Prompt → Restate word for word the material below, starting at the line that contains "Burberry Bay leather" and stopping after the last line; skip pictures.

Collected data →
------------------------------------------------------------
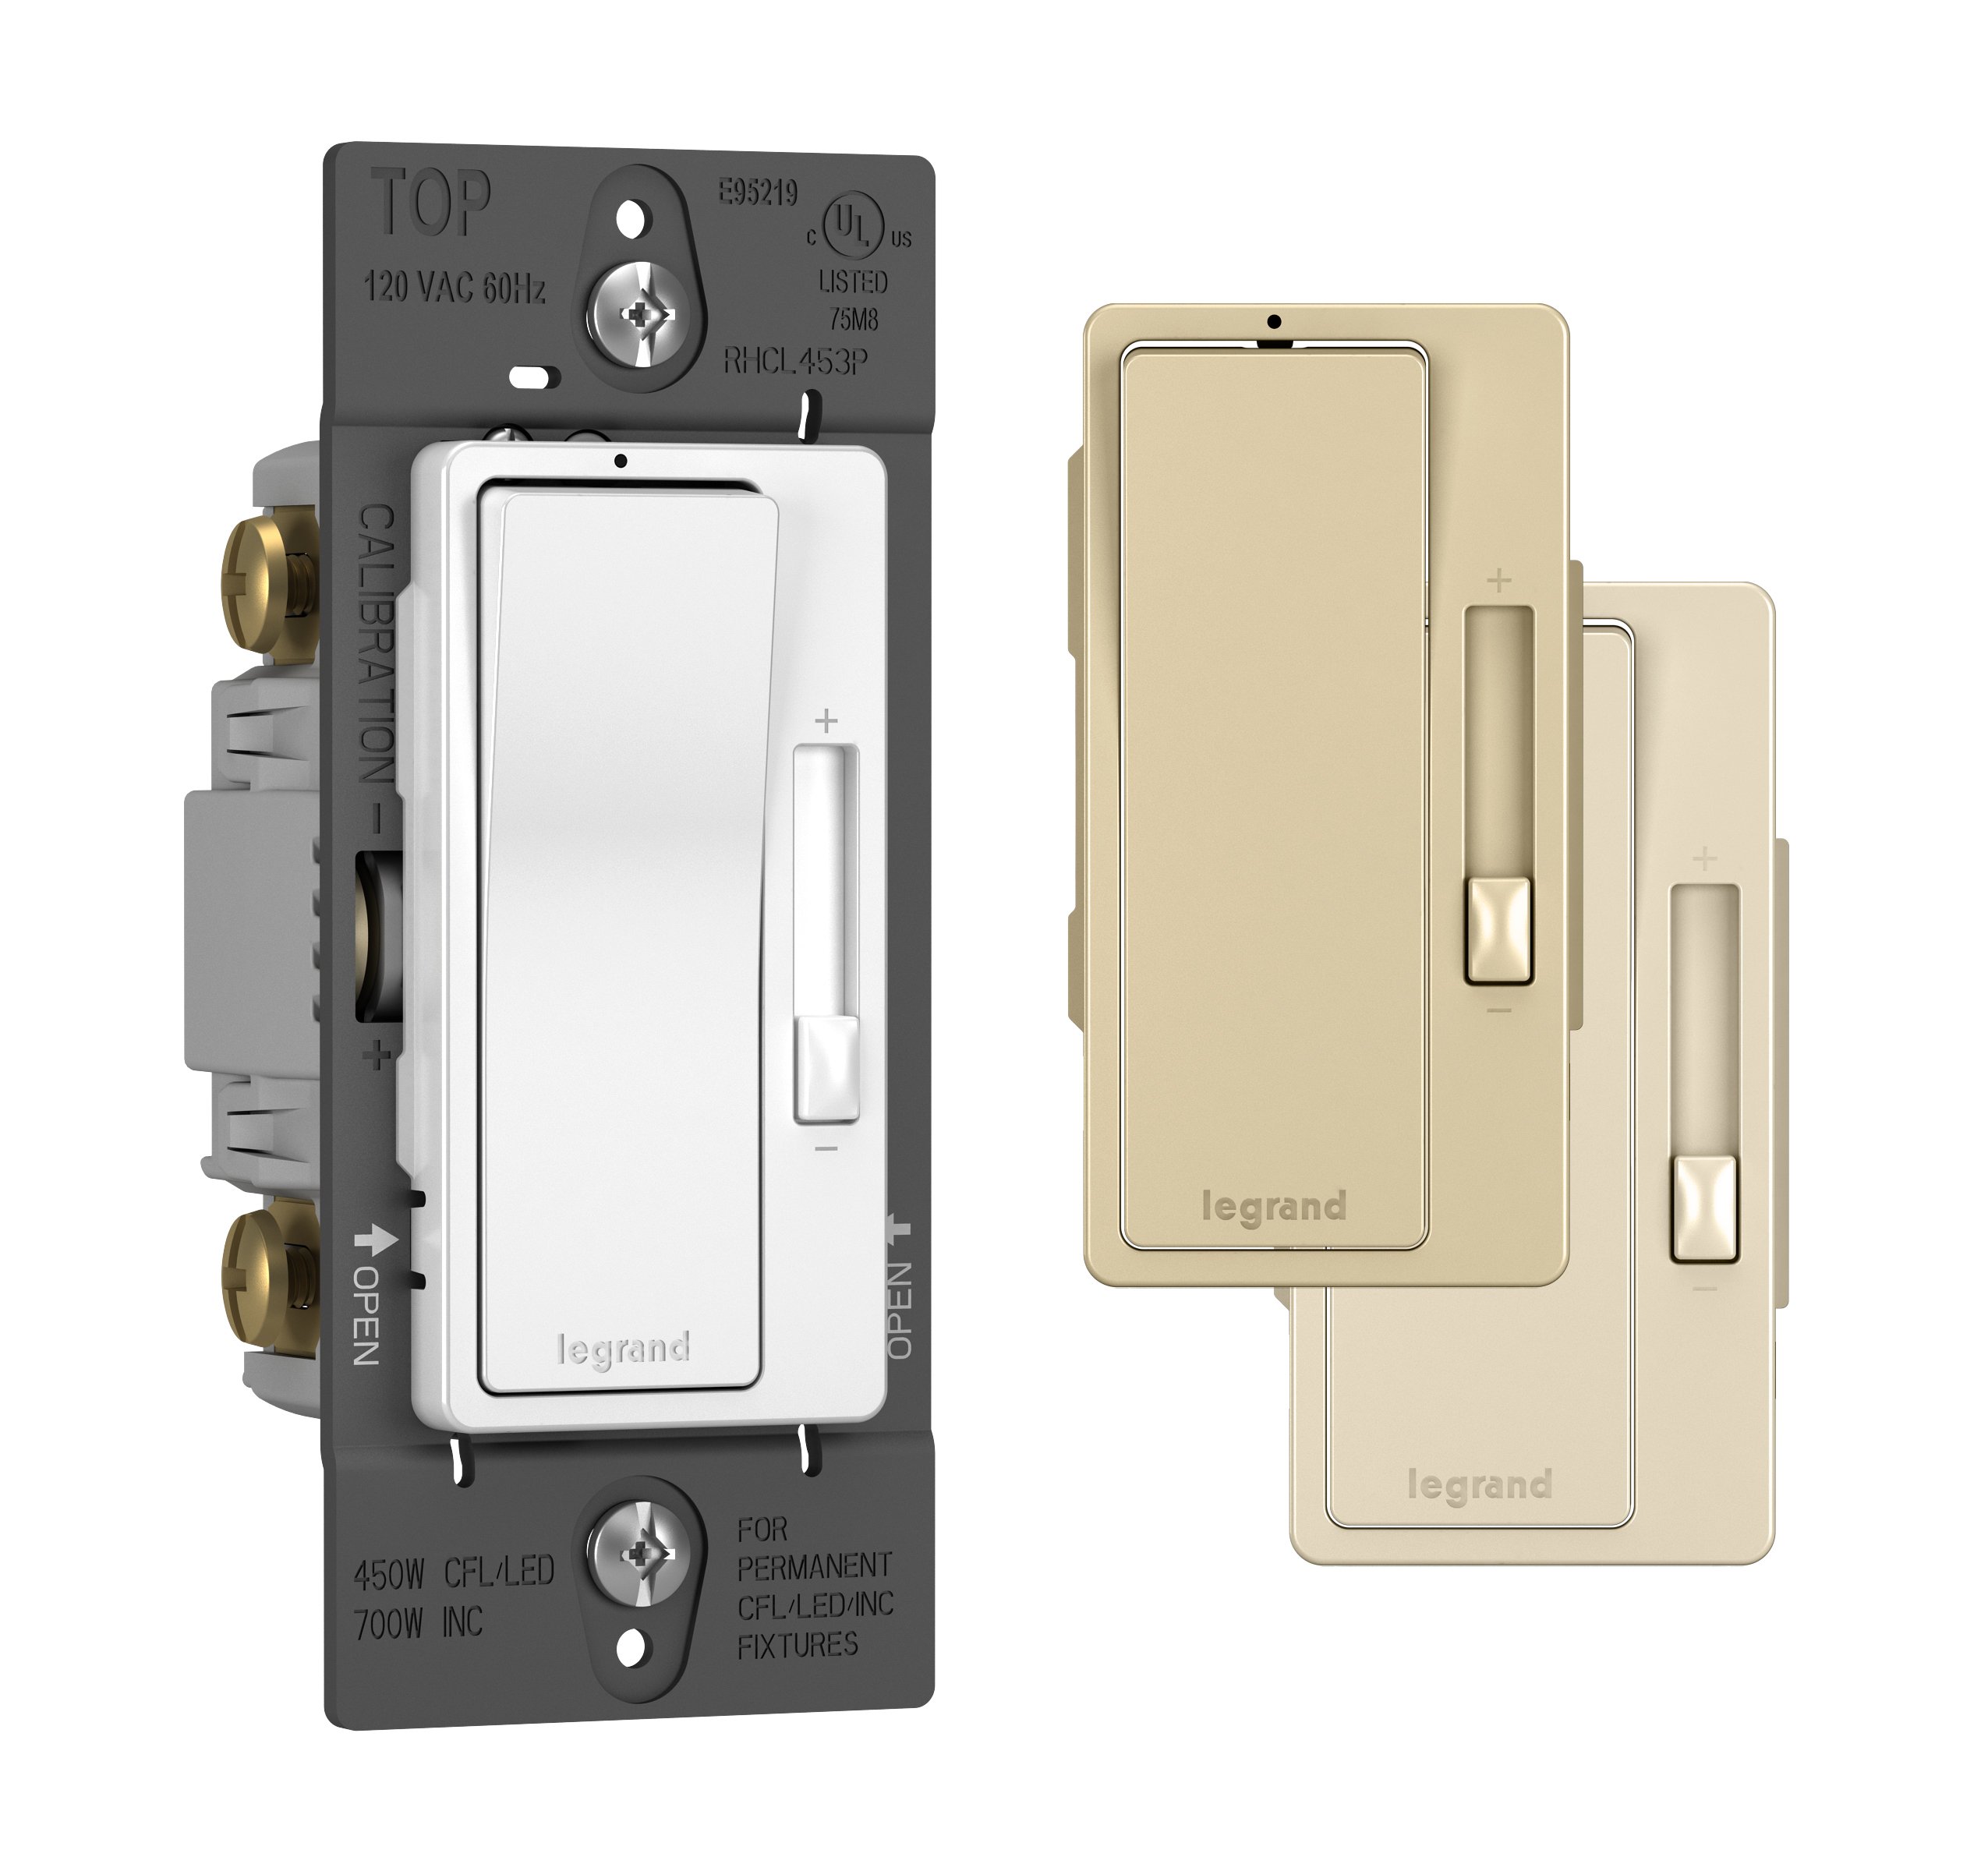 Legrand - Pass & Seymour Radiant Dimmer Light Switch, Single Pole Dimmer Switch and 3 Way Rocker Wall Switch, Interchangeable Tri-Color Faceplates Paddle Dimmer, RHCL453PTCCCV4, 1 Count
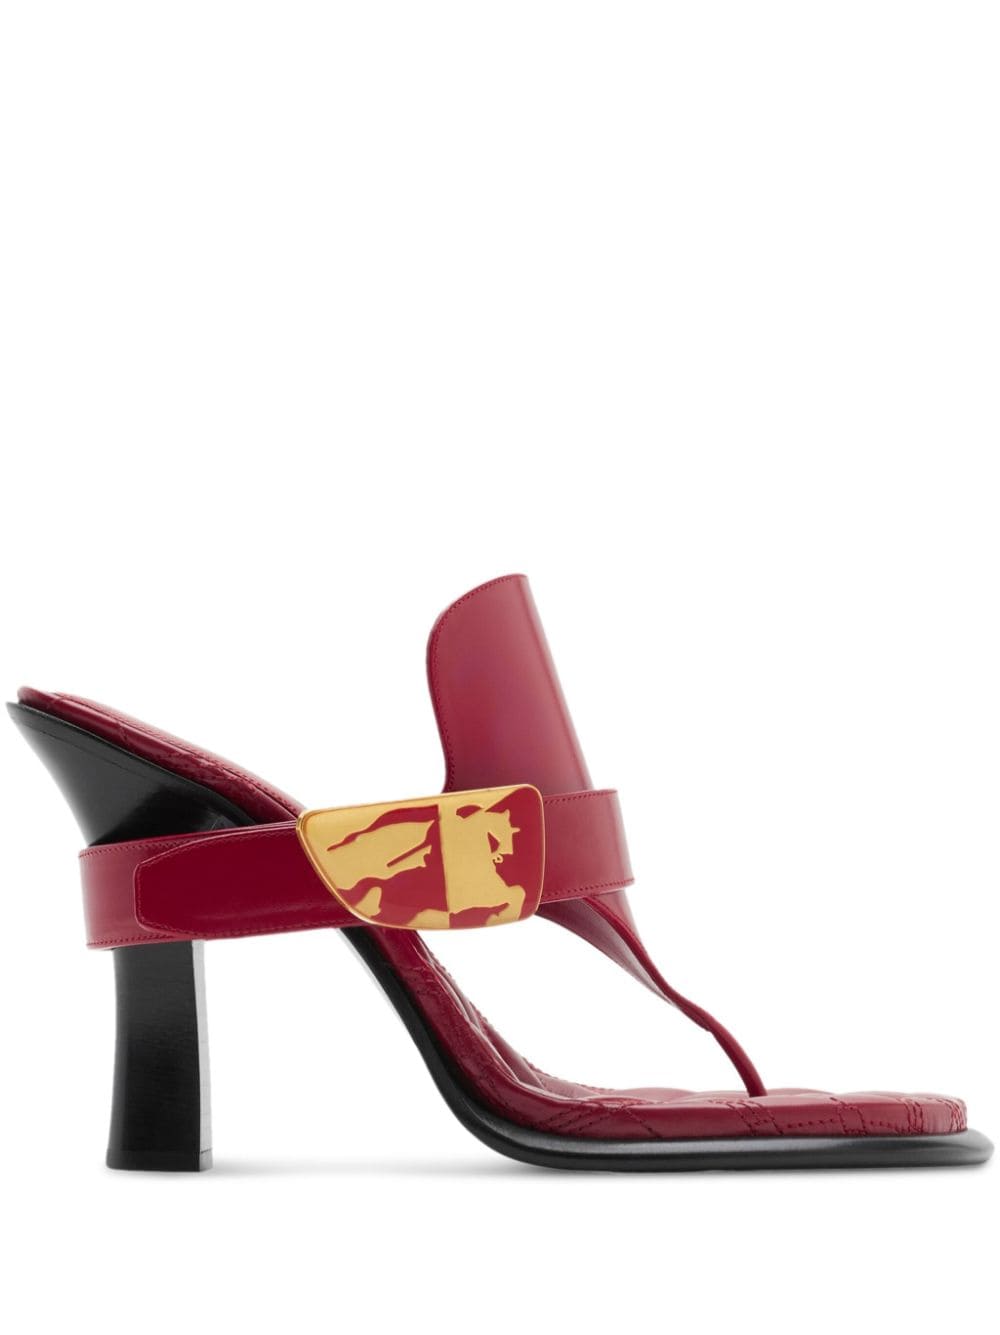 Burberry Bay leather sandals - Red von Burberry
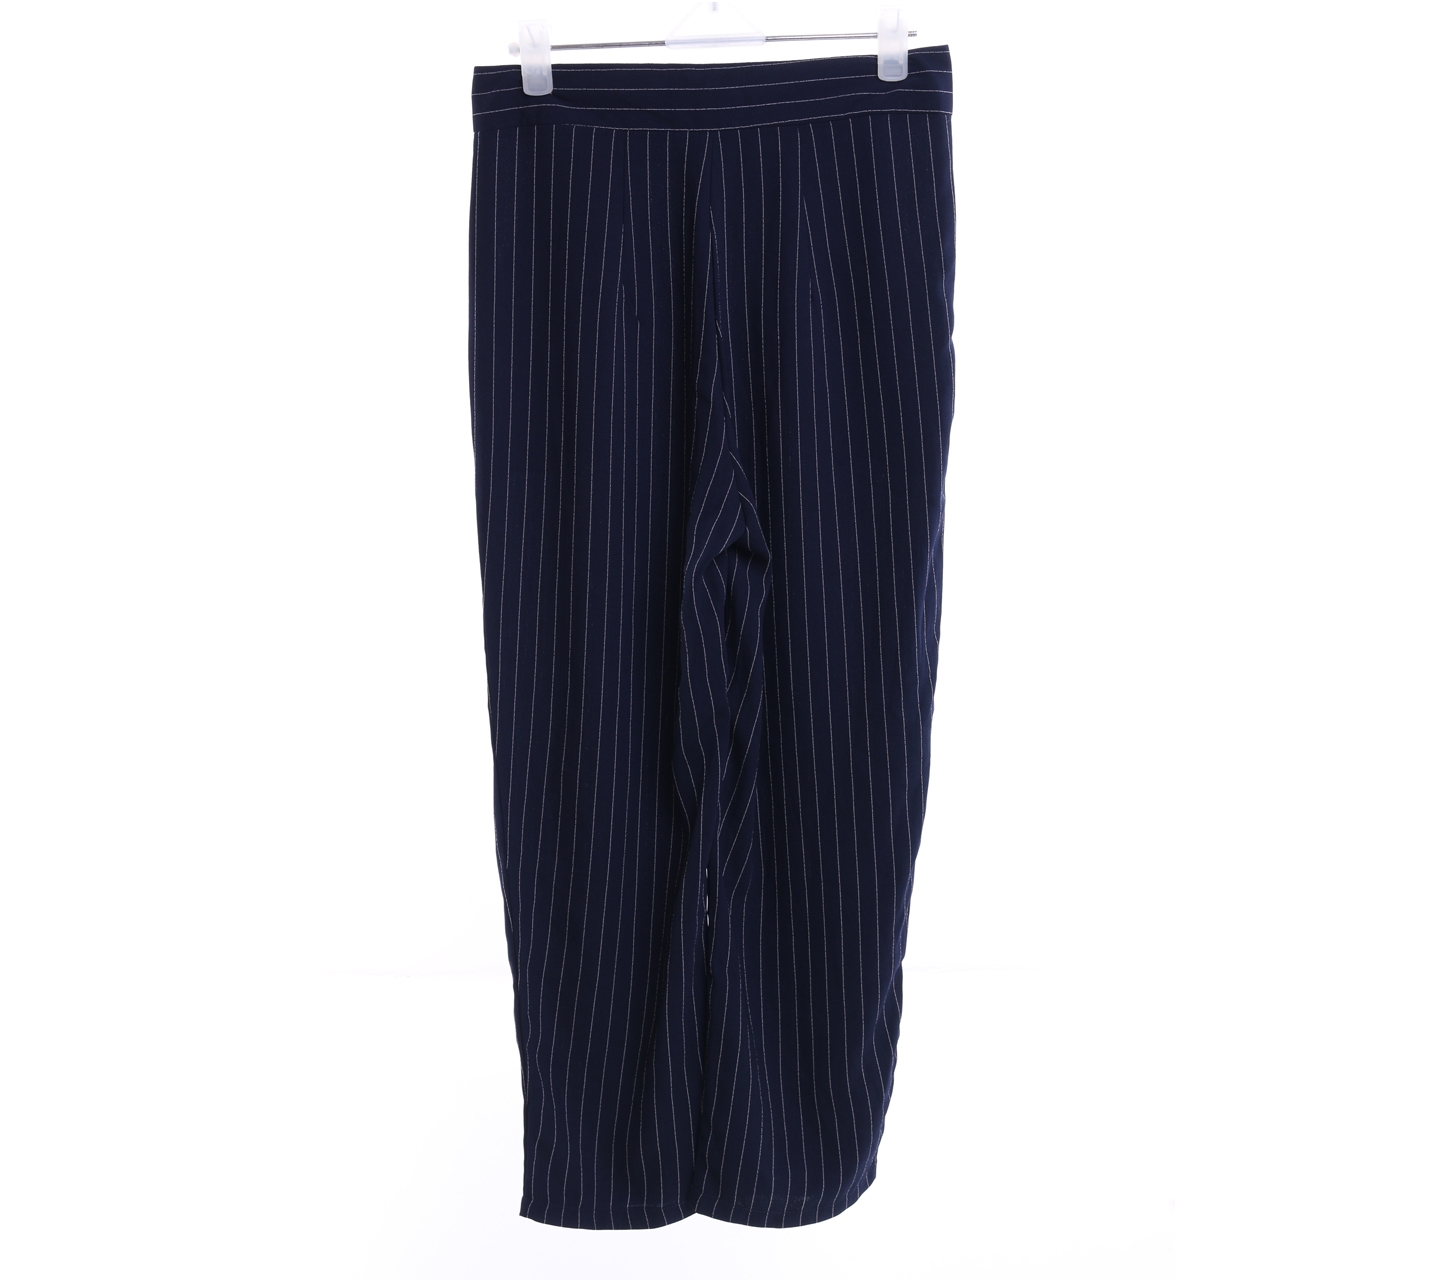 Bel.Corpo Dark Blue And White Striped Long Pants
------------------------------------------------------------
Output for this exercise →
 Burberry Bay leather sandals - Red von Burberry
 Bel.Corpo Dark Blue And White Striped Long Pants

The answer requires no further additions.